# Honeypots



## Geek (Aug 22, 2014)

I've got a handful of leftover IP4's in my current Q.A. box. Not wanting them to go to waste, I kicked around the idea of spooling up a couple of containers and turning them into honeypots, and yesterday evening I configured Kippo. I liked the idea, you know, making them look like mail servers or something, use an old domain and make it look like a blown out open relay with a funky RDNS like "oldmx1" or "samba" and put a Lorum Ipsum template up in front of it. Seems sort of devious. Have already logged a few instances where someone tried to pull their bots down and run them. Happened faster than I'd imagined.  

Anyway, earlier this morning a thought came to mind -- is there going to be a greater risk to the network for running these suckers? I mean it's not in production, and so far the attempts have been minimal at the very least, I just don't want to give the facility any trouble - plus there was no clause in the ToS about it - but I've never really maintained one before. Are there any other tools out there like Kippo that I could mess around with?

Have a good weekend.


----------



## wlanboy (Aug 22, 2014)

The traffic is always hitting your ips - you just left open one door.

You should not have a lot of these doors on the same subnet because some people might think that this subnet might be a easy target and they start to look into that subnet with more care.

But all the actions you can track on your honeypot are scripted actions.

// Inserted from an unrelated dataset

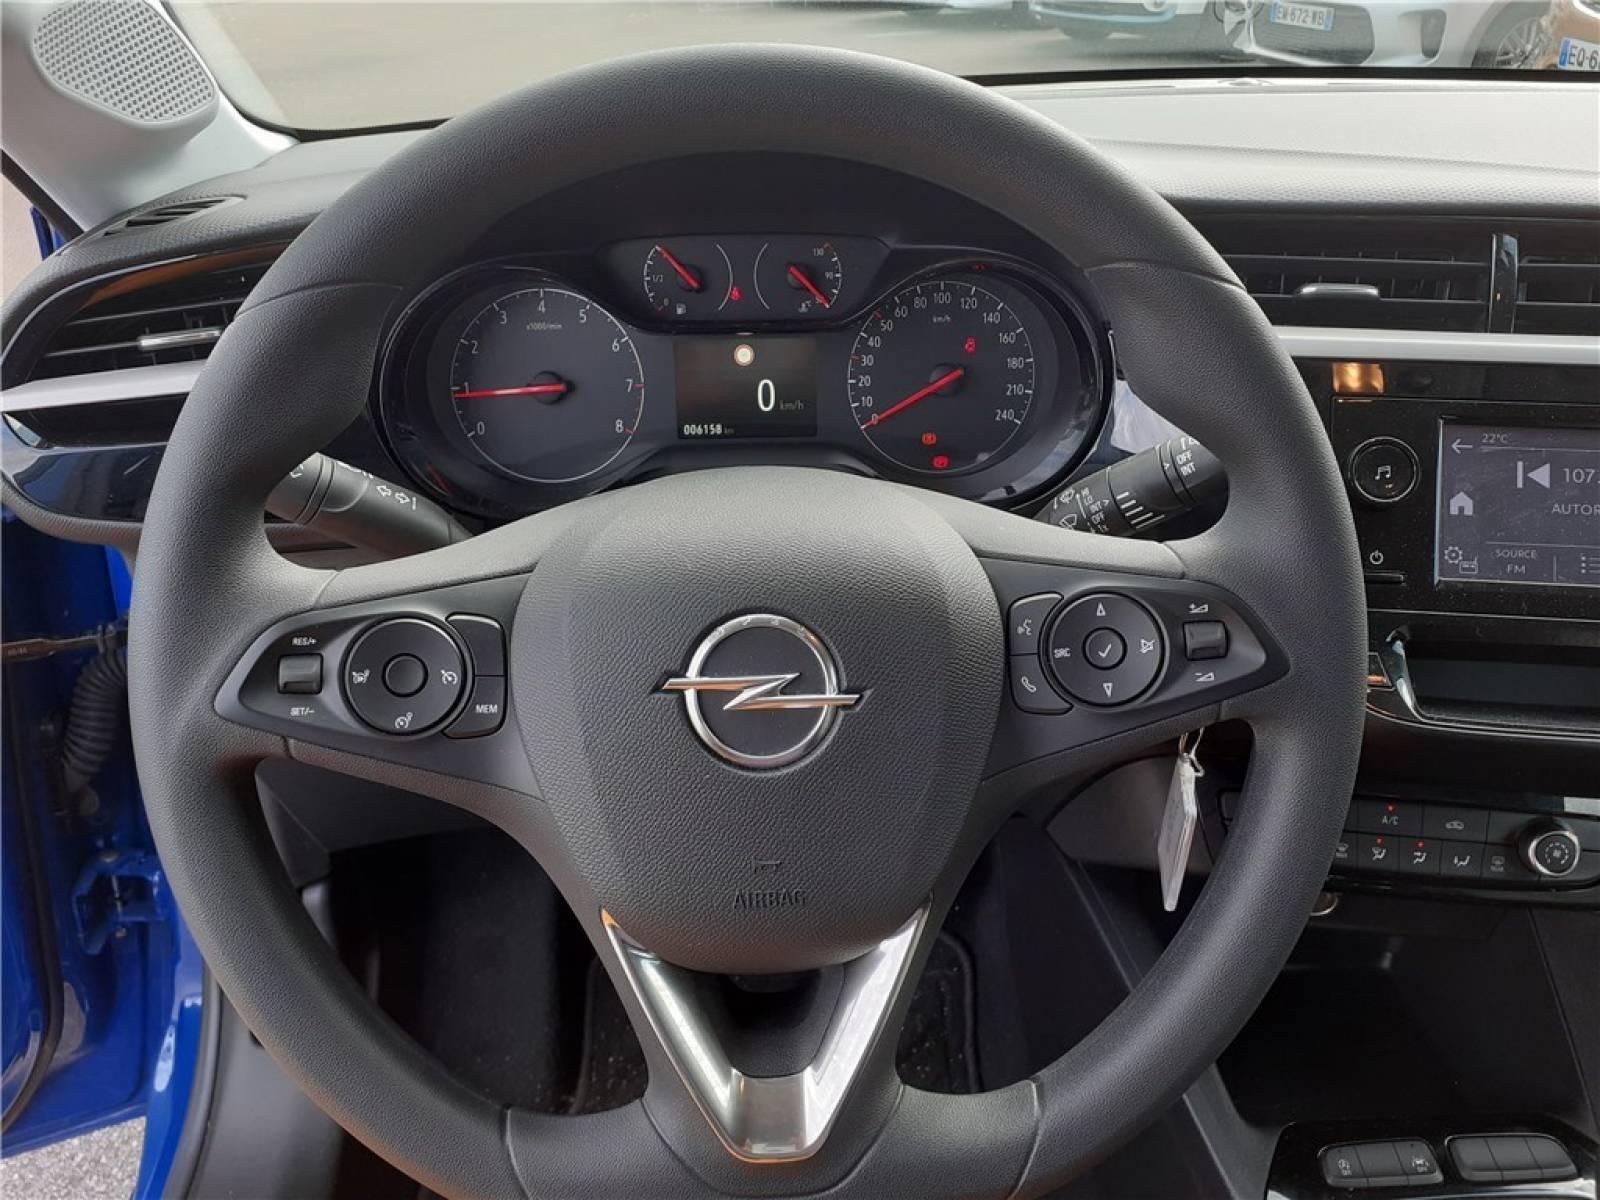 OPEL Corsa 1.2 75 ch BVM5 - véhicule d'occasion - Groupe Guillet - Opel Magicauto - Chalon-sur-Saône - 71380 - Saint-Marcel - 19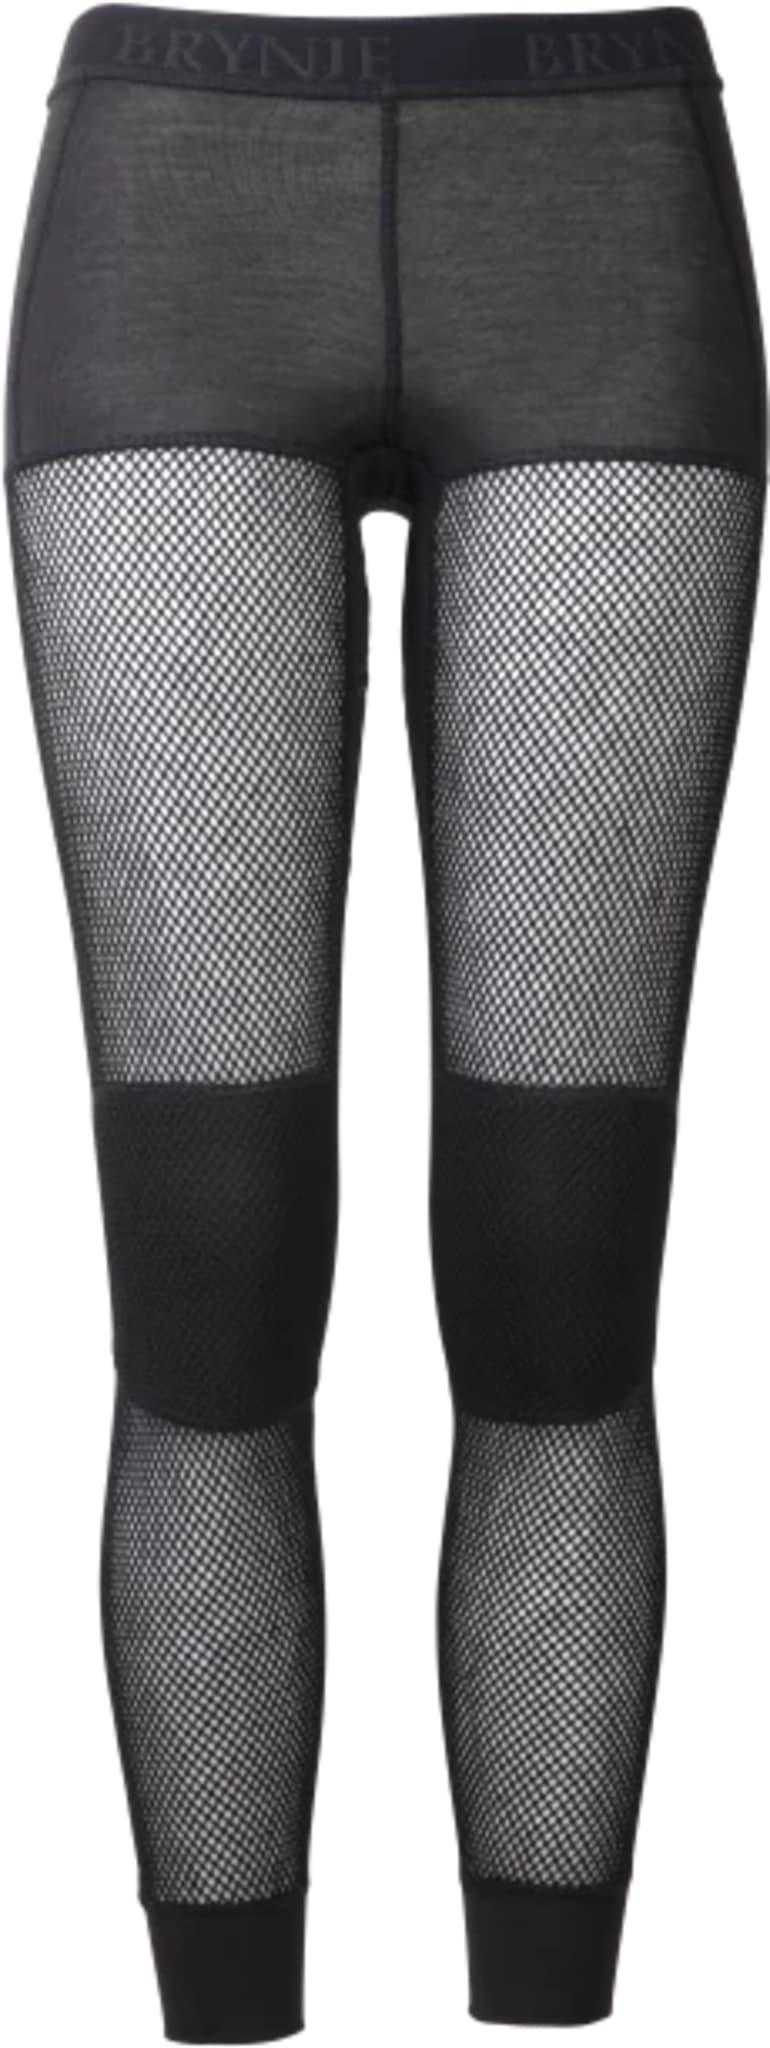 Longs i netting med ekstra varme på knærne

There is no person there typing in the commands (most of the time), so there is no person that can get pissed and would try to send a DDOS afterwards.


----------



## MeanServers (Aug 25, 2014)

There are definitely risks to running Honnypots and as wlanboy pointed out, it can damage the reputation of your IP subnet. I wouldn't run any Honnypots if you are running a production network, or maybe run them somewhere else. Just took risky for your own business.


----------